Exercise prompt: Give back the whole listing verbatim, printing none of its pictures.

Source material:
-- -- --

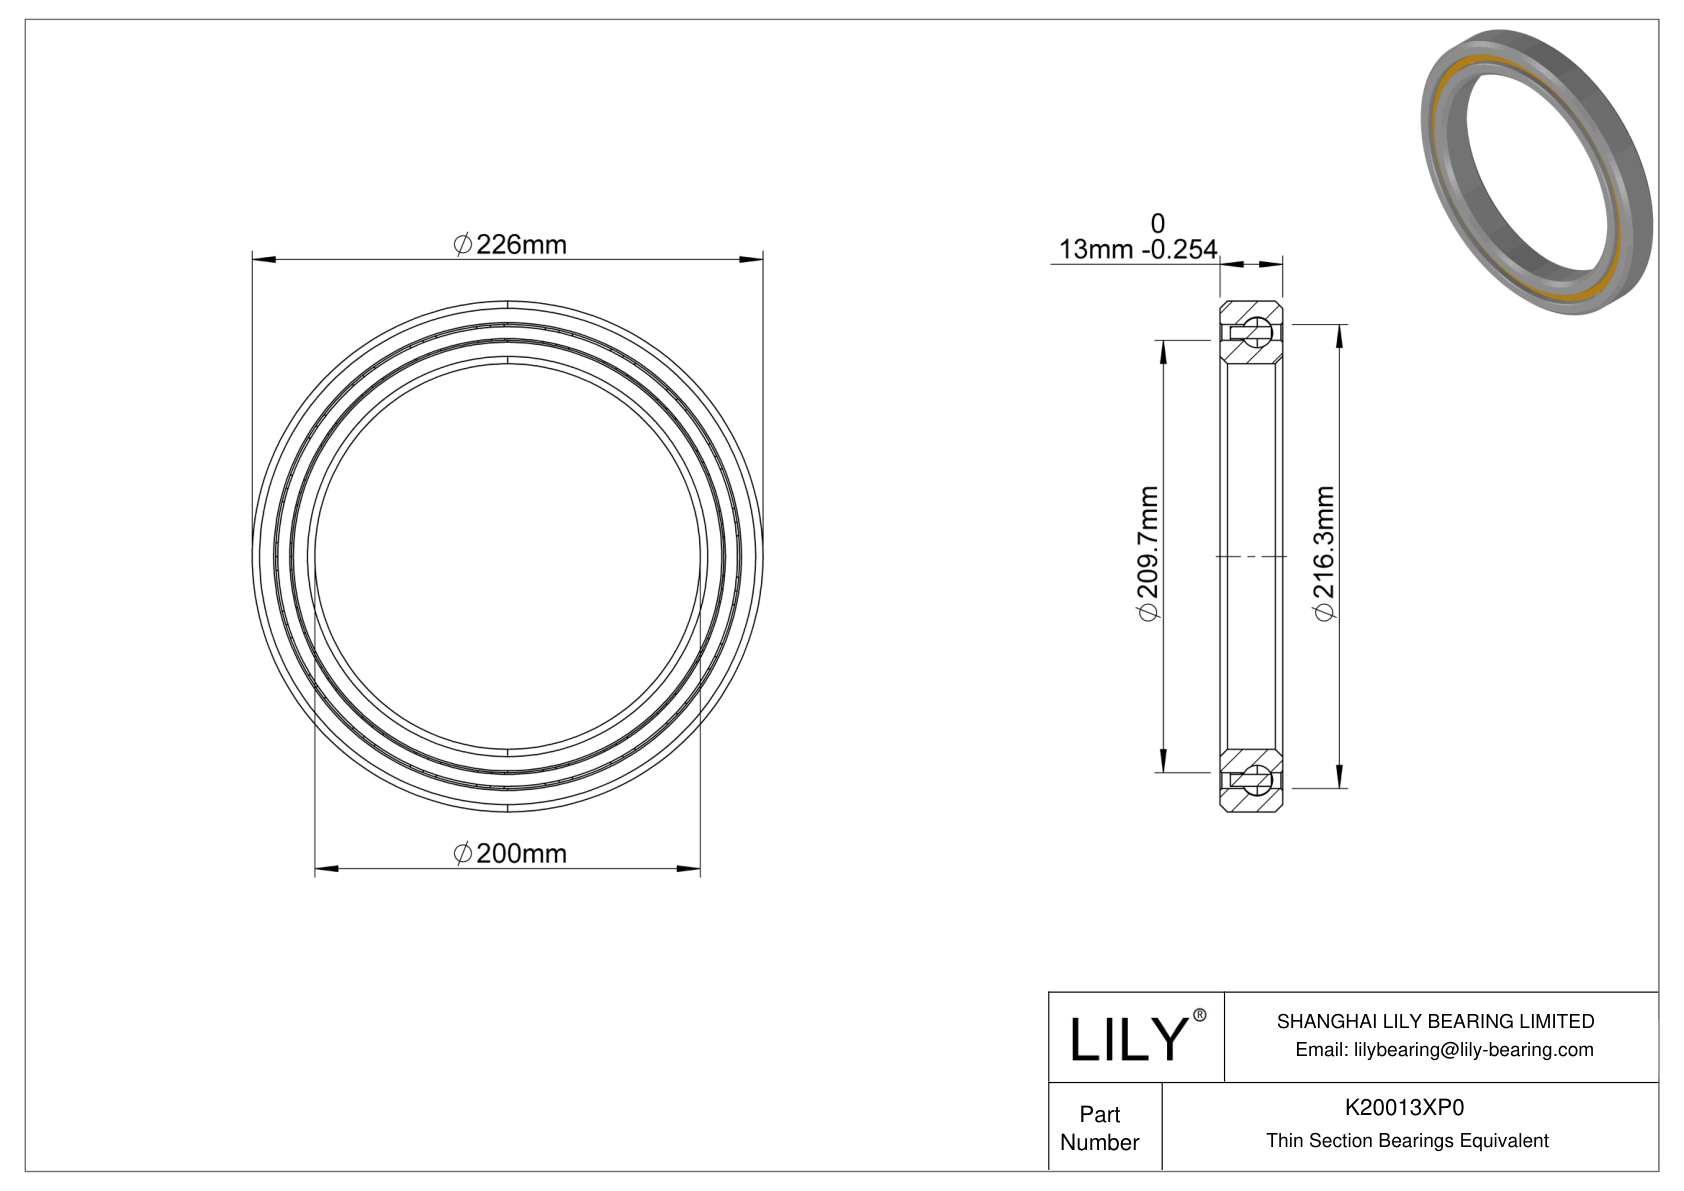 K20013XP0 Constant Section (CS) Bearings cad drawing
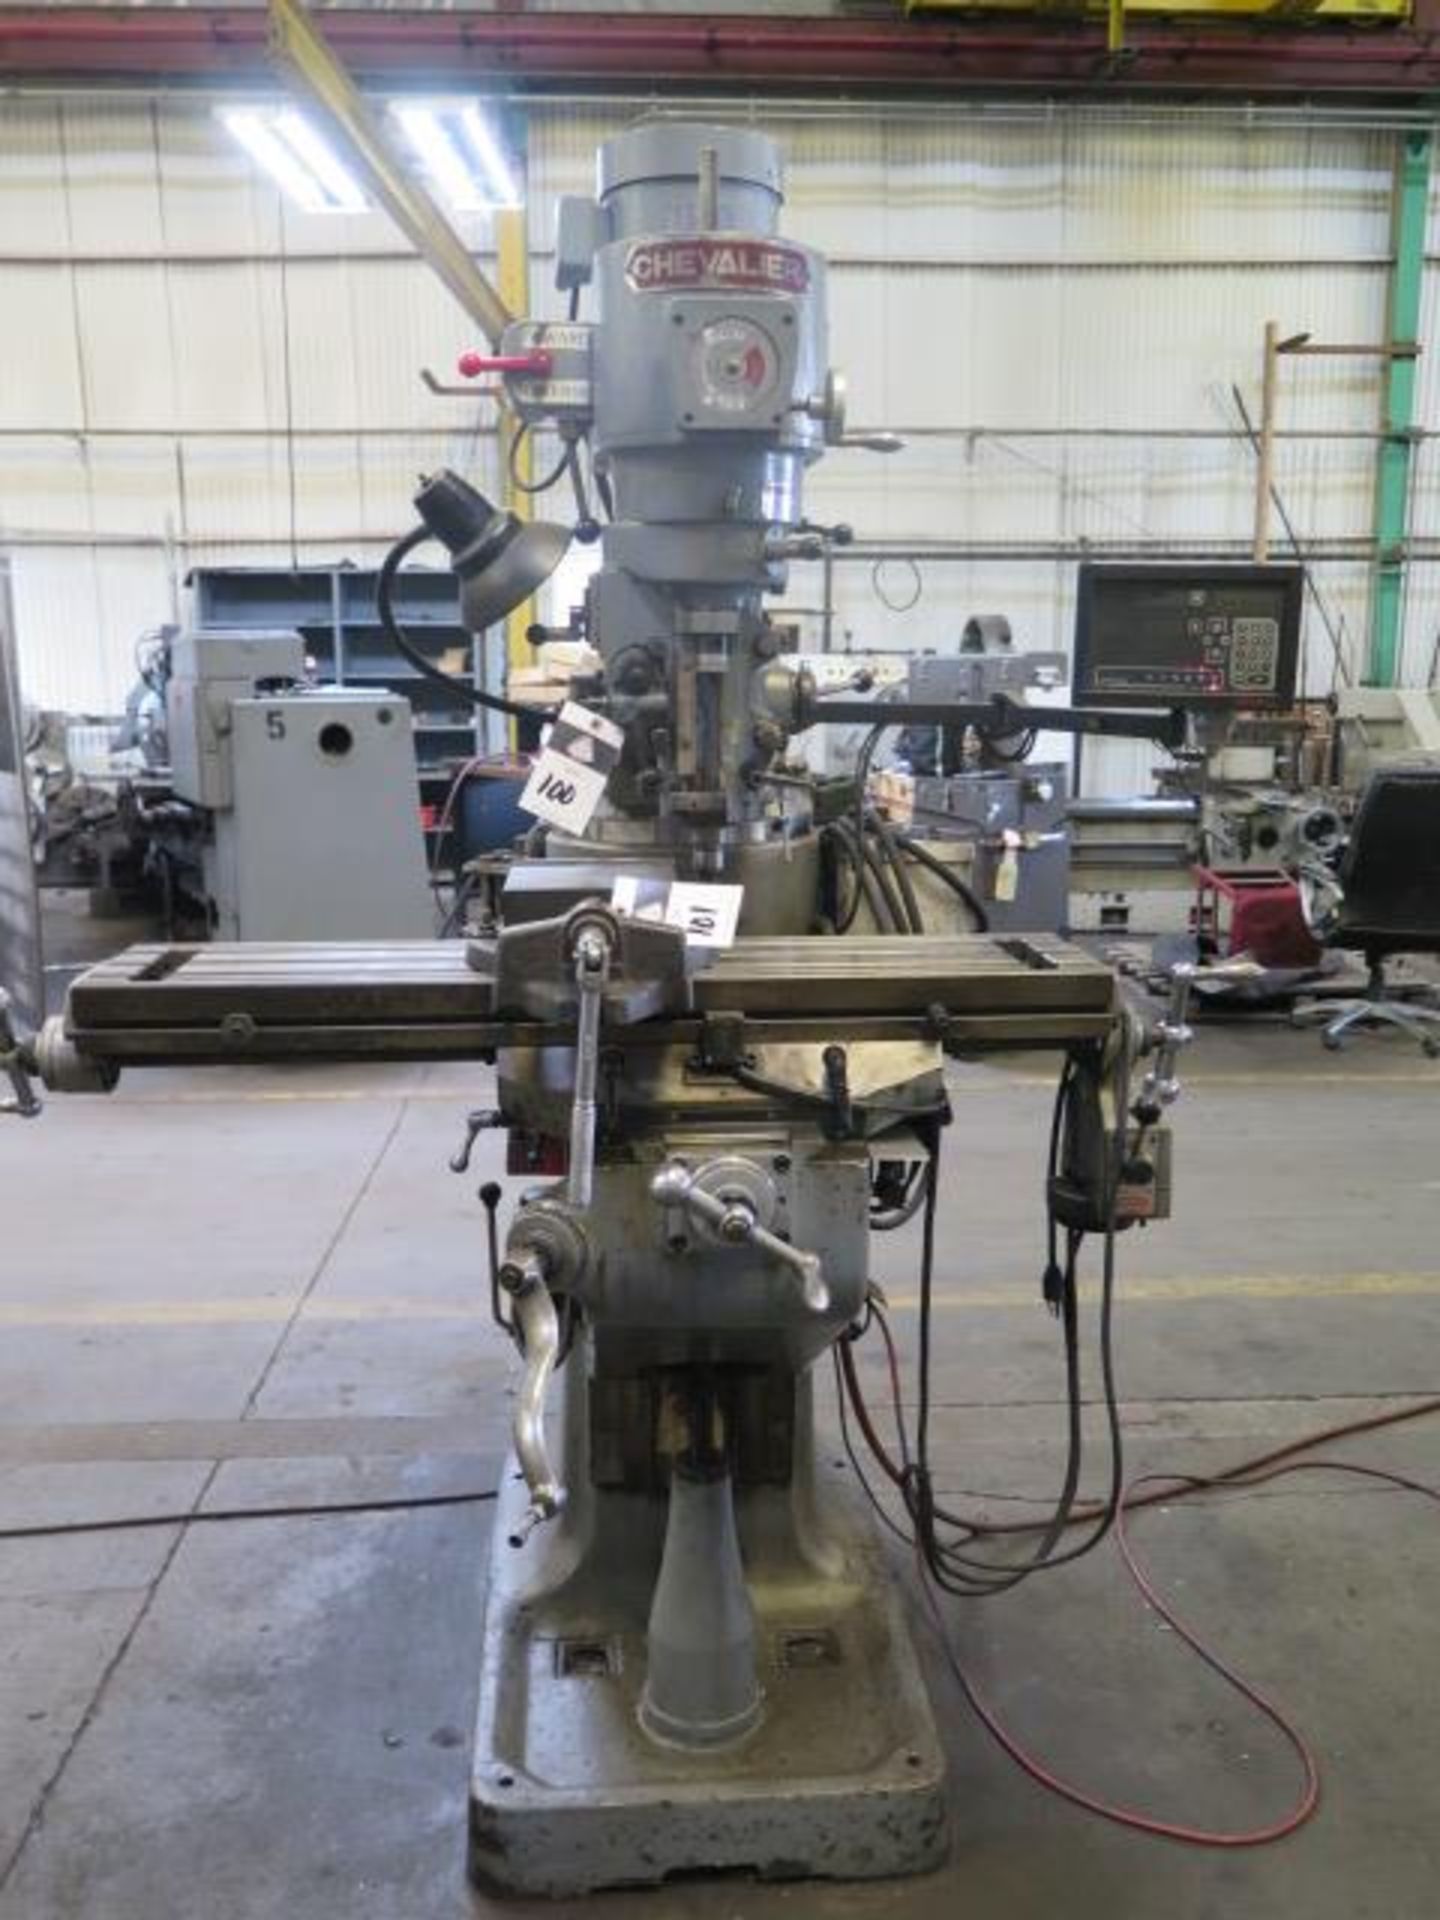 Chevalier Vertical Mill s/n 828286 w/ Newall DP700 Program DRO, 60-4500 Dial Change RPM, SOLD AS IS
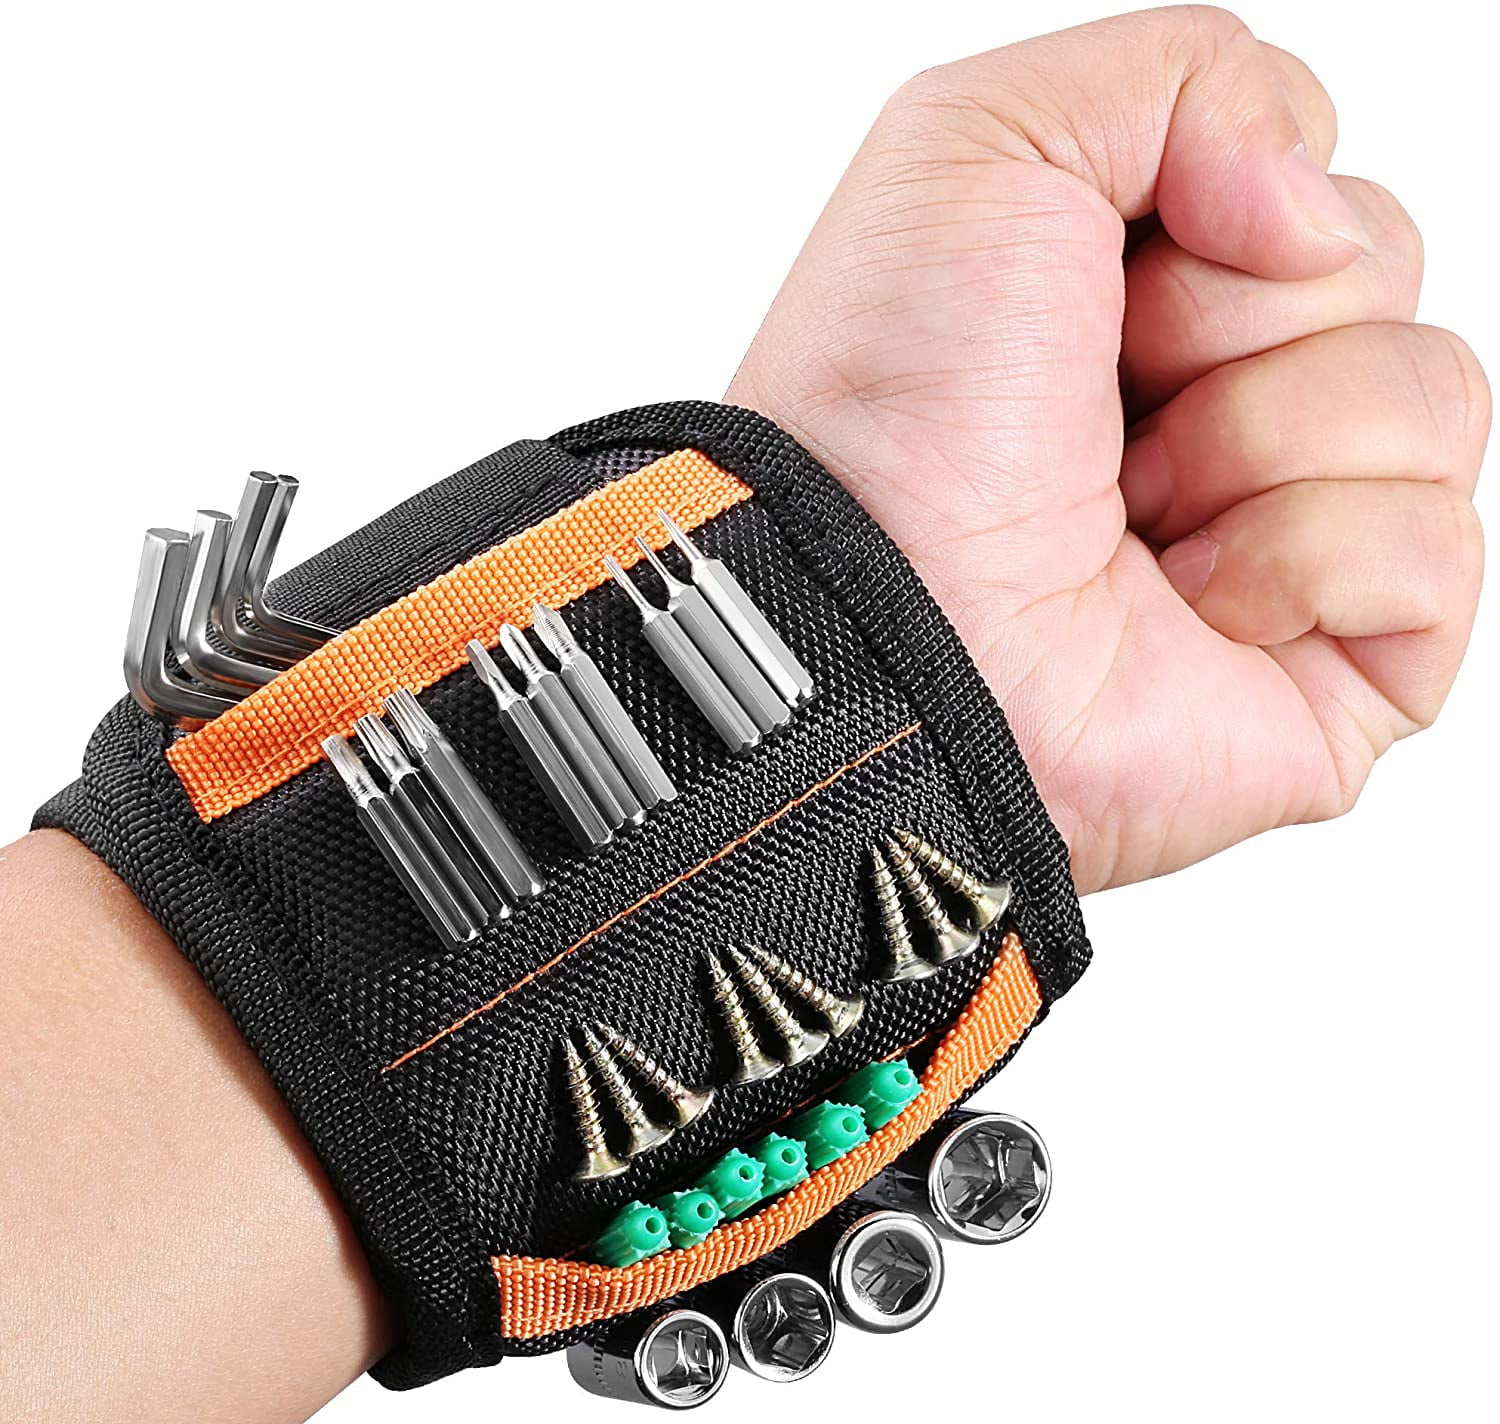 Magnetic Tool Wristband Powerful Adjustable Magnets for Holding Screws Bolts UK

-- -- --

Result of this task:
 K20013XP0 Constant Section (CS) Bearings cad drawing
 Chevalier Vertical Mill s/n 828286 w/ Newall DP700 Program DRO, 60-4500 Dial Change RPM, SOLD AS IS
 Magnetic Tool Wristband Powerful Adjustable Magnets for Holding Screws Bolts UK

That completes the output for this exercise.